__Exercise requirements__: Every line of the listing should be retyped exactly, but none of the pictures should be.

__Information provided__:
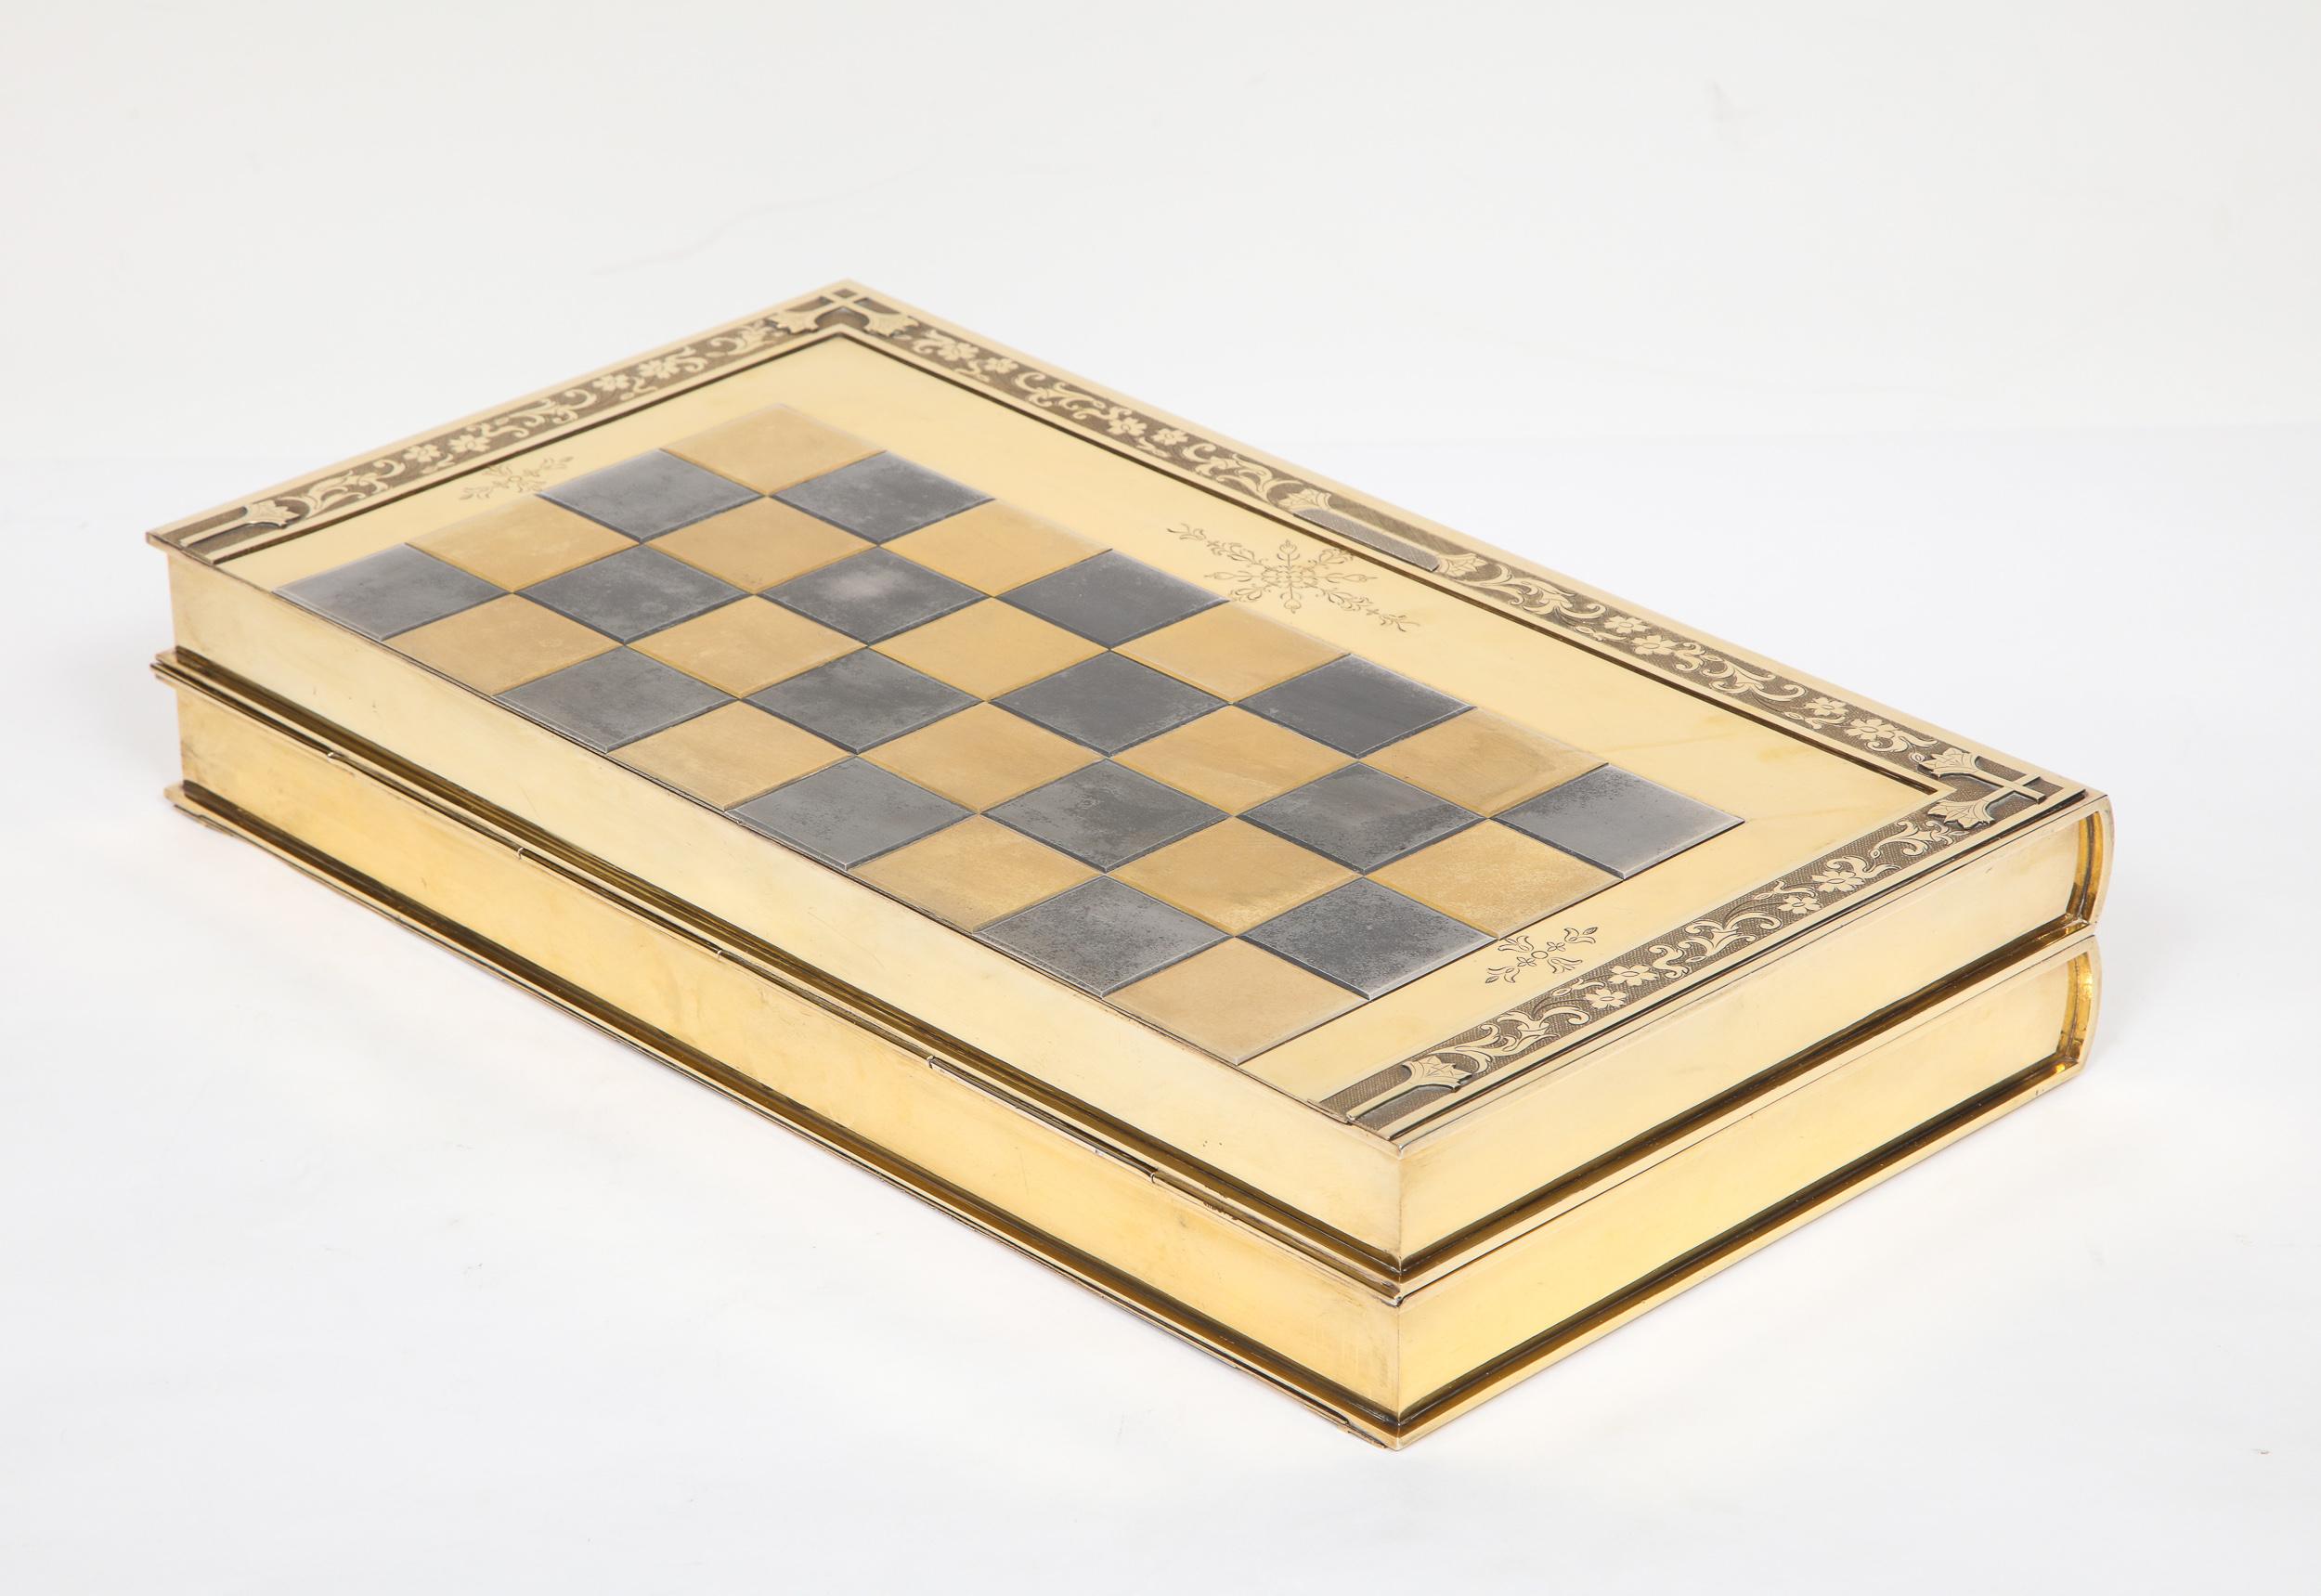 Rare English Silver-Gilt Book-Form Chess and Backgammon Game Board, circa 1976 For Sale 6
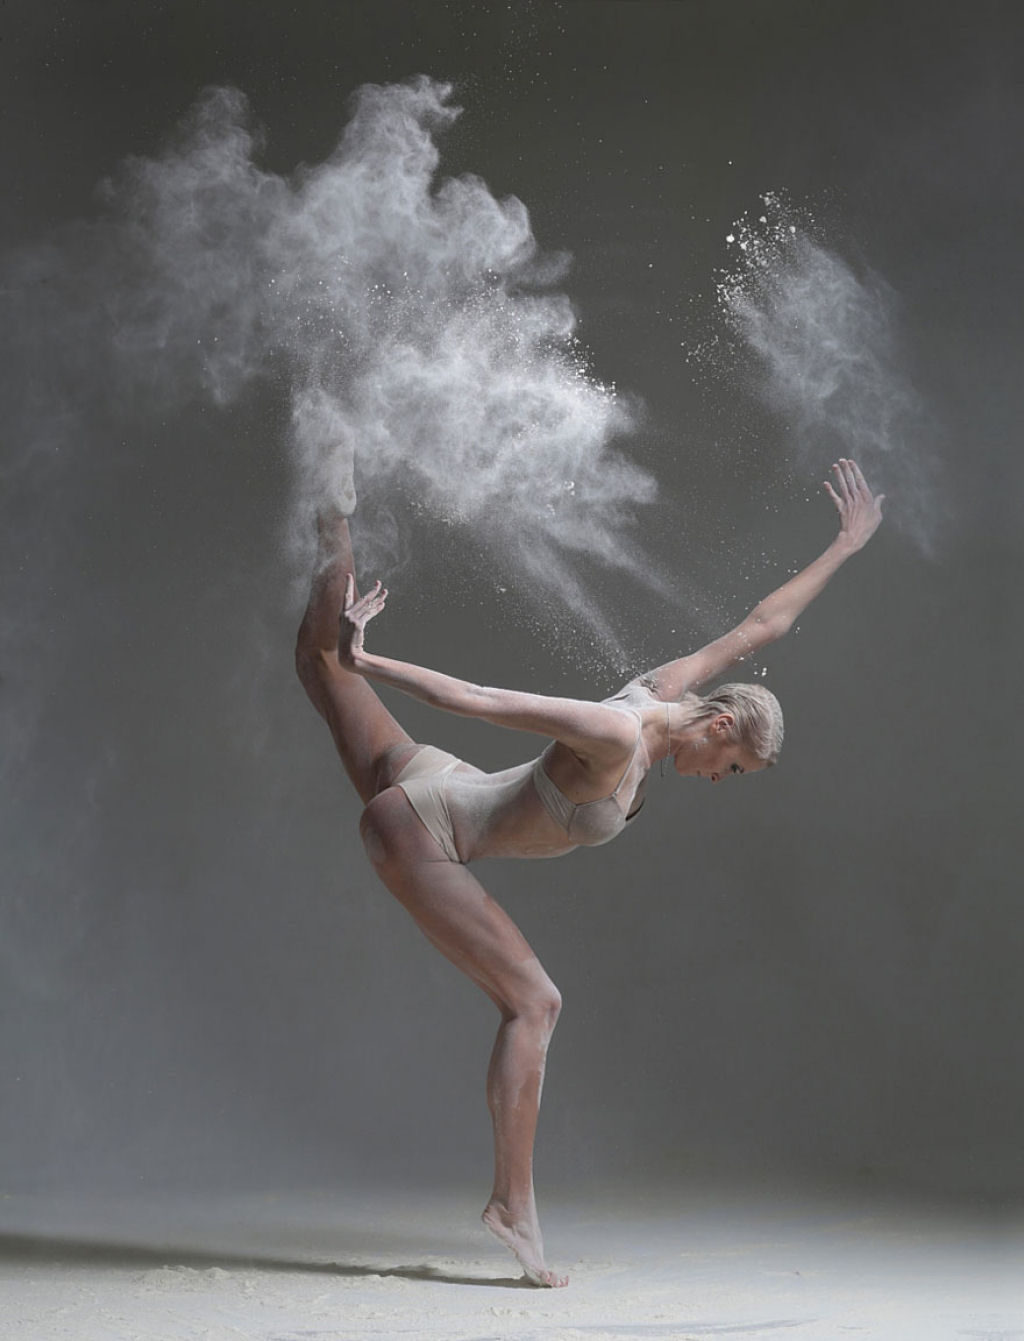 Explosivos retratos de dana revelam os poderosos movimentos de elegantes bailarinos 13
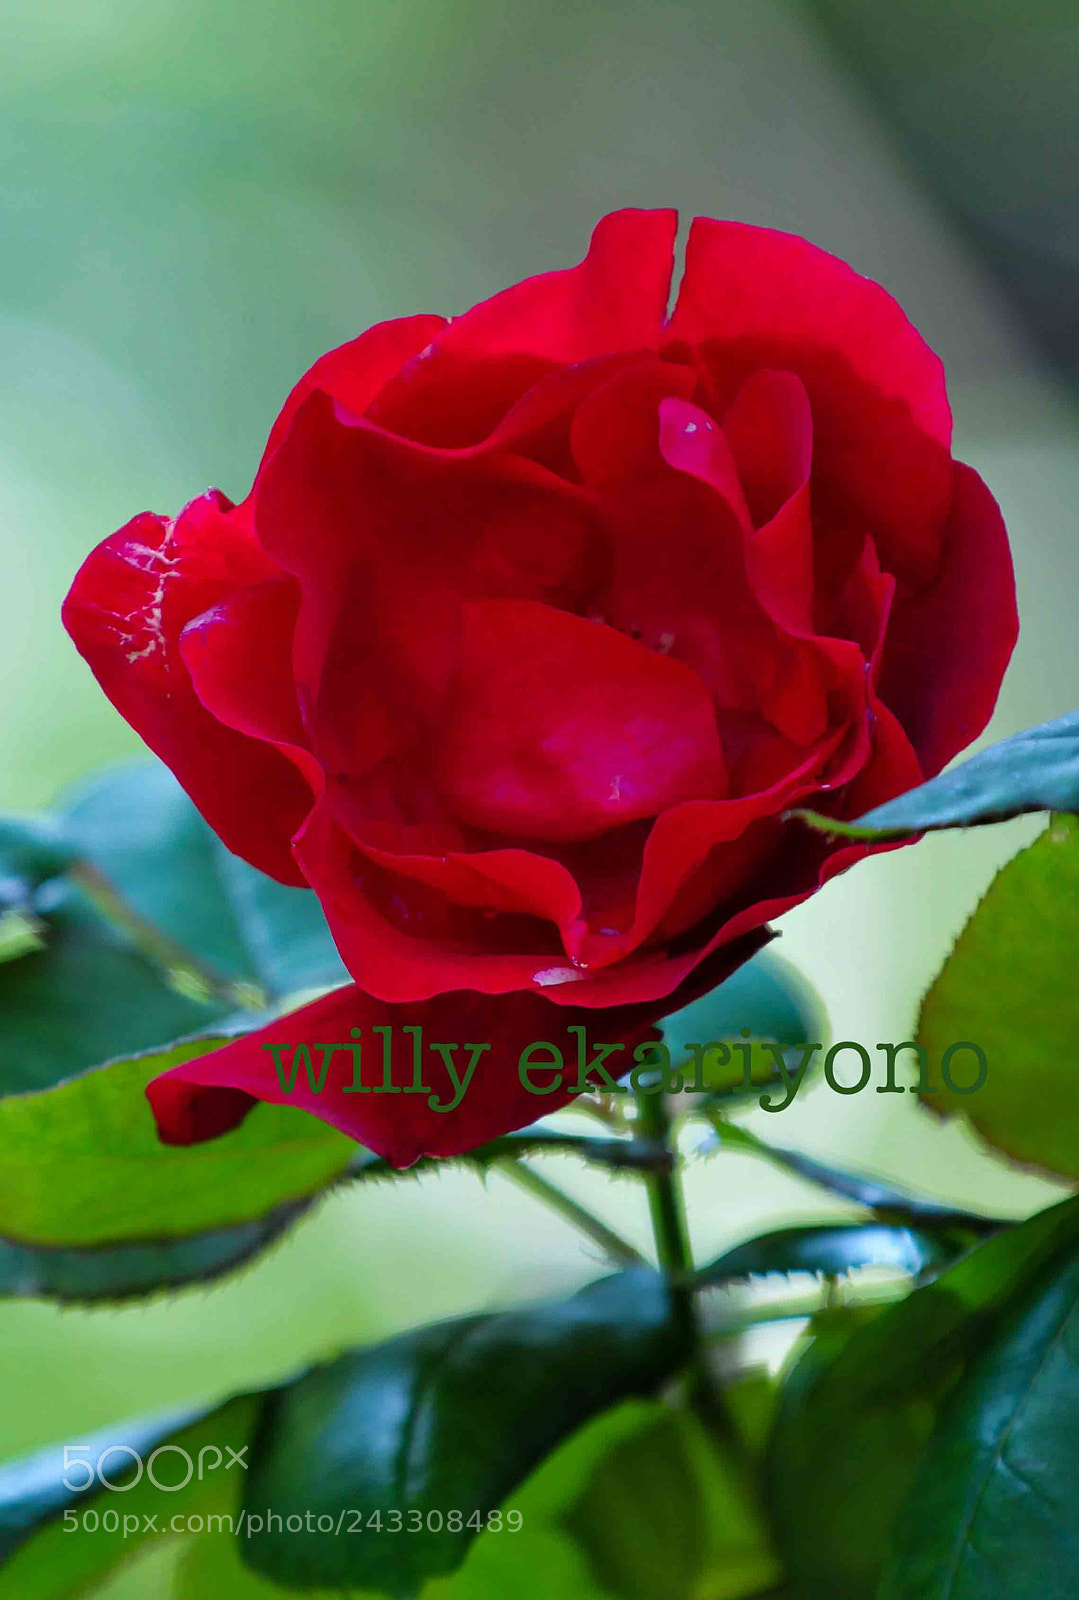 Nikon D300 sample photo. Bunga mawar merah ku photography

__Response area__:
 Rare English Silver-Gilt Book-Form Chess and Backgammon Game Board, circa 1976 For Sale 6
 Explosivos retratos de dana revelam os poderosos movimentos de elegantes bailarinos 13
 Nikon D300 sample photo. Bunga mawar merah ku photography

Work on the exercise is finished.